Wood borduurt voort op Dyers extreme stelling door diens novelisation te benoemen als de praktijk onder schrijvers van het klakkeloos aanhouden van ‘de grammatica van de roman’: in de plot en subplots, de formules, de scènes, het ‘conflict’, de dialoog, de sprekende details. Hij wil niet zover gaan als Dyer door helemaal afscheid te nemen van de roman, maar dan moet er wel duchtig gelaboreerd worden aan ‘de fictionaliteit van fictie’. De vrijheid die de roman in het standaard harnas van de novelisation ontbeert, is wel voorbehouden aan het essay, dat minder maalt om de begrenzingen van het genre.
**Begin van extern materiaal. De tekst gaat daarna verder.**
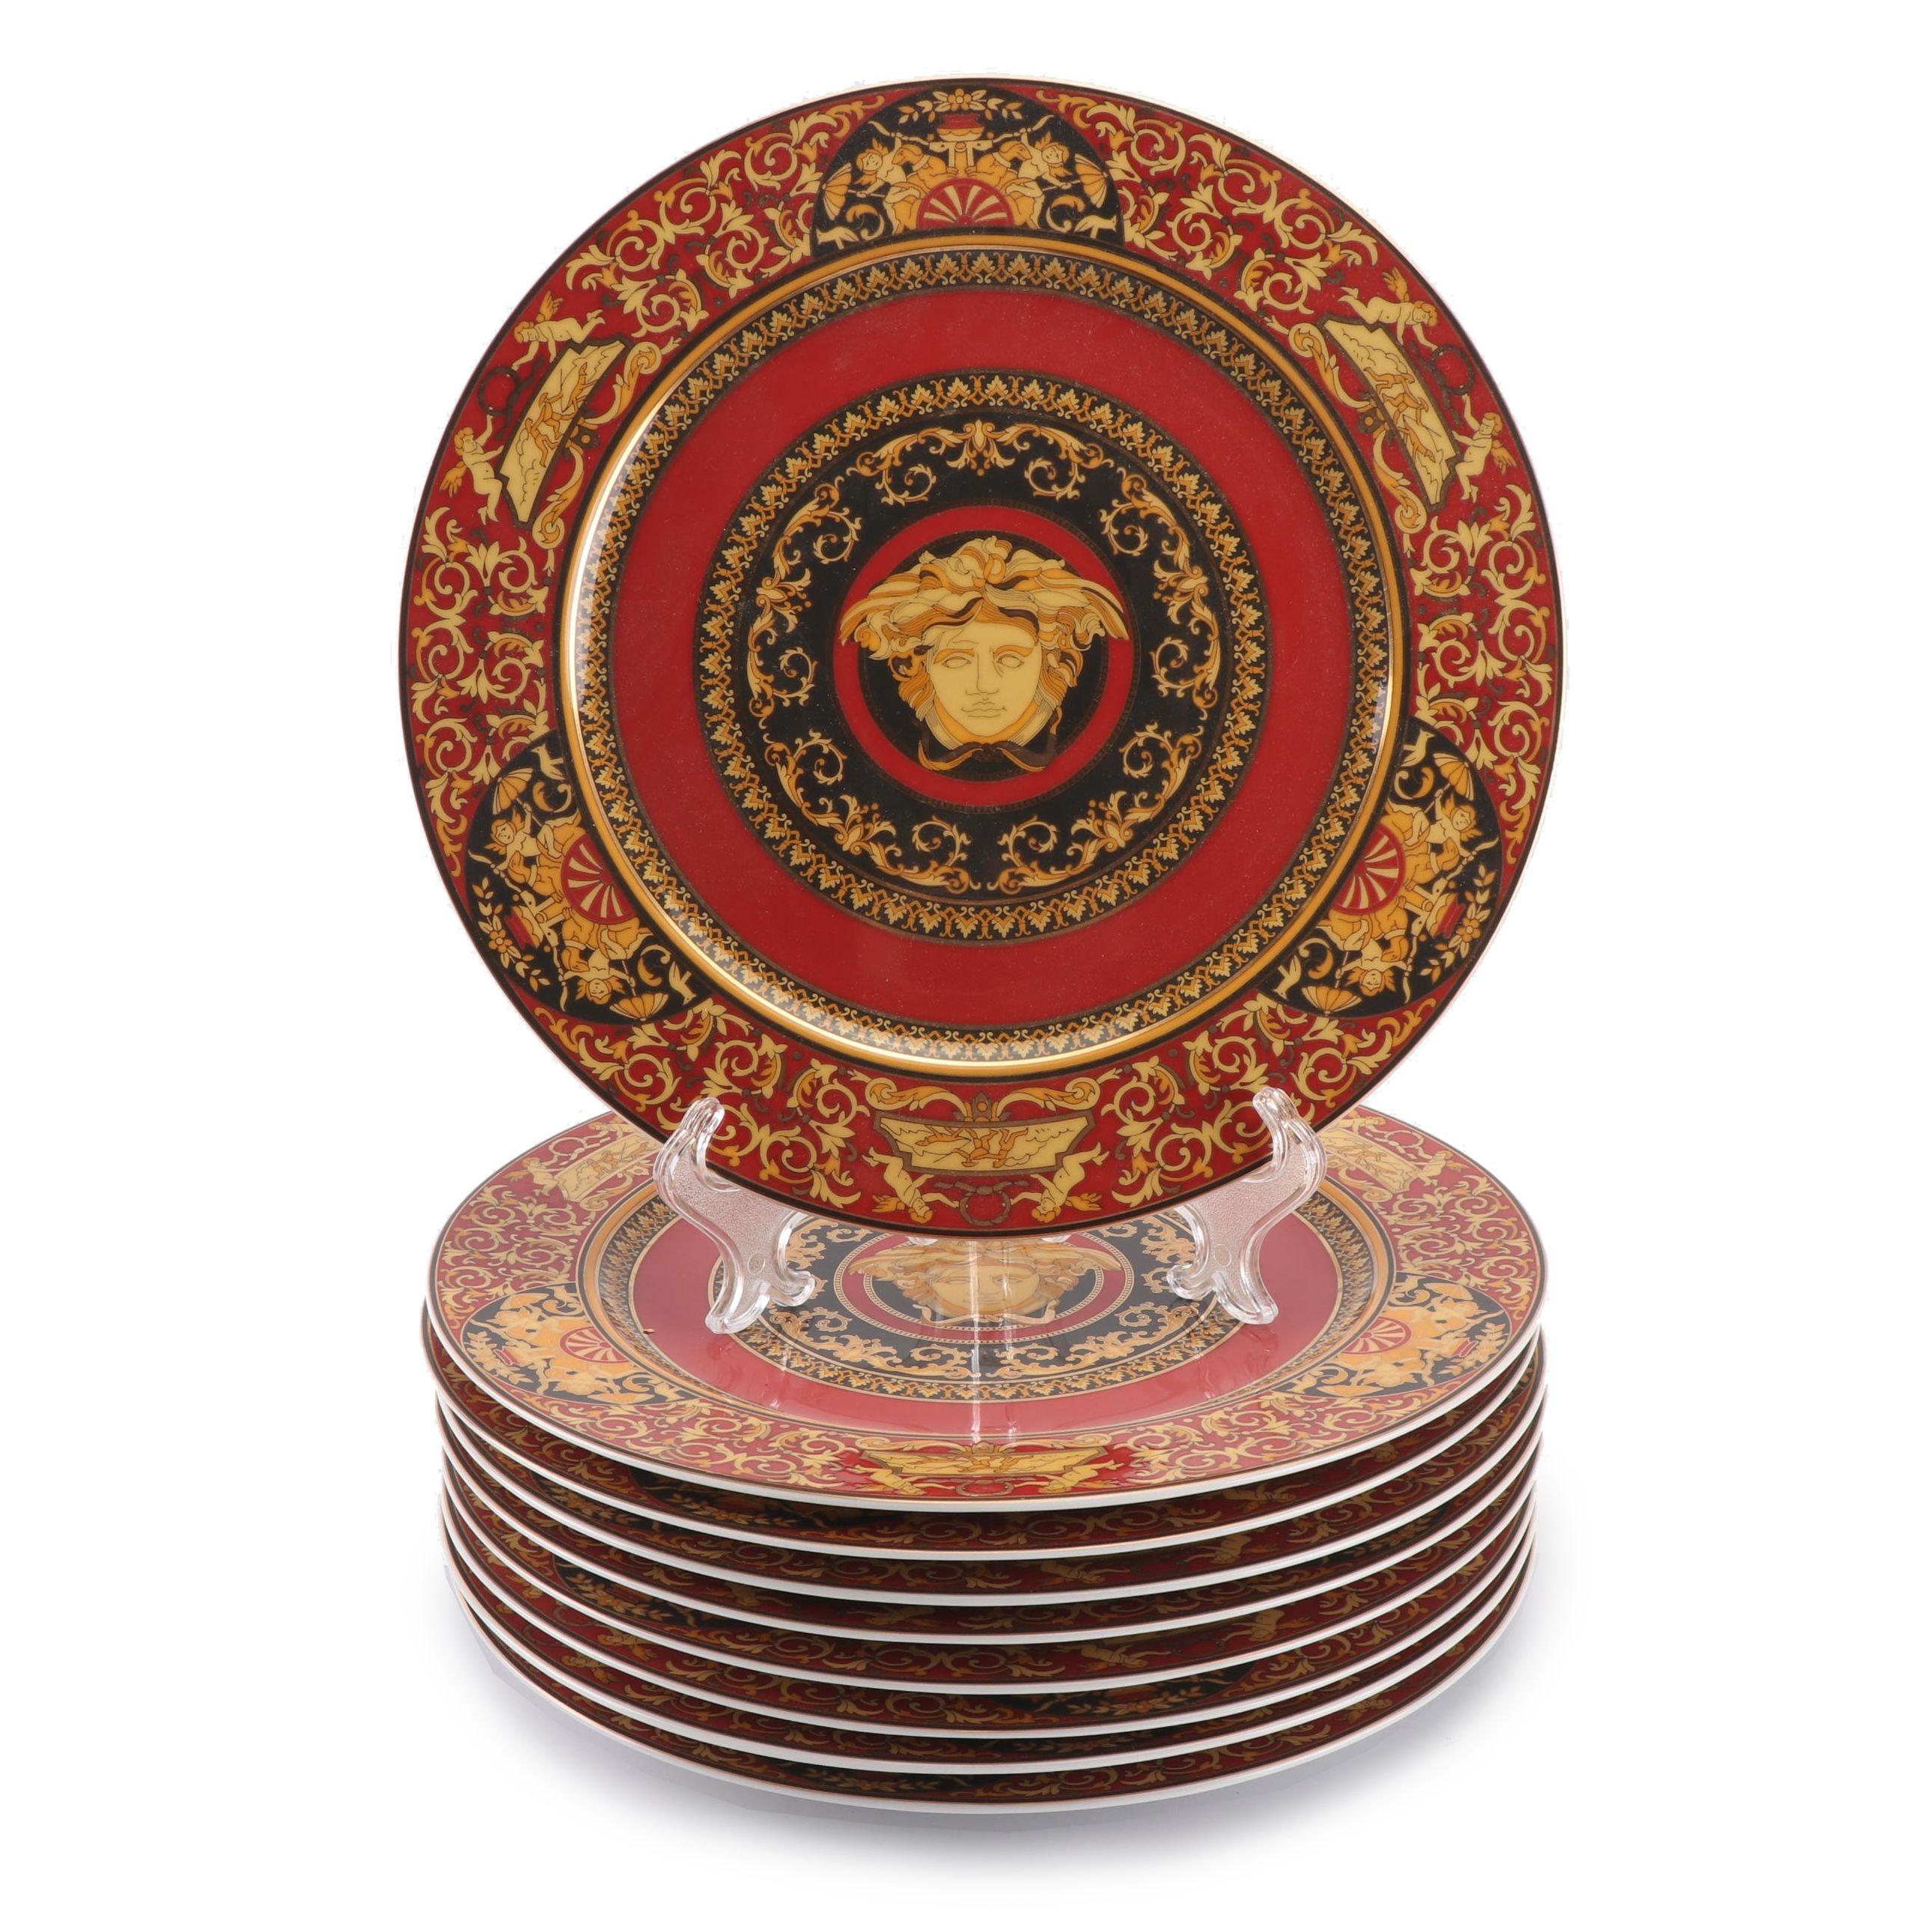 "Versace for Rosenthal ""Medusa Red"" Porcelain Service Plates"

Woods ‘Reality Effects’ is daarmee niet ten einde, maar ik laat het bij wat ik er hierboven uit gehaald heb. Die term novelisation deed mij in eerste instantie denken aan wat ik jaren geleden geschreven heb over de gemaksliteratuur in de Nederlandse fictie: de neiging van schrijvers zich te voegen naar door schrijfacademies opgestelde regels van de romankunst. Onweerbarstig avondcursusproza, dat geen recht doet aan de complexiteit van de werkelijkheid, maar juist grossiert in brave en zoete sprookjes. Ik heb de indruk dat Wood z’n aangehaalde term ruimer bedoelt; hij doelt niet op een bepaald soort (benedenmaatse) romans, maar op álle min of meer traditionele romans.

In tweede instantie moest ik door z’n term denken aan een genre waar ik mij kort voor het millennium enthousiast over heb betoond: het persoonlijke essay. Zo begeesterd was ik dat ik destijds een ware hausse verwachtte in de Nederlandse letteren. Het was een andere tijd, een bétere tijd, toen de meeste uitgevers nog niet ten prooi waren gevallen aan dewerelddraaitdoorisering, die na de (voormalige) kwaliteitskranten heden ten dage ook het literaire aanbod afgrondelijk verluchtigt en verschraalt. Een boek is dan geen echt boek meer als het niet binnen tweeënhalve minuut gepitcht kan worden door een ratelende BN’er. Eind jaren negentig daarentegen mocht een anticommercieel genre als het literaire essay zich in ons taalgebied in een grote belangstelling verheugen. Het regende essaybundels: van Connie Palmen, Charlotte Mutsaers, Joost Zwagerman, Bas Heijne, Piet Meeuse, Xandra Schutte, Hugo Bousset, Dirk van Weelden, tot Roel Bentz van den Berg.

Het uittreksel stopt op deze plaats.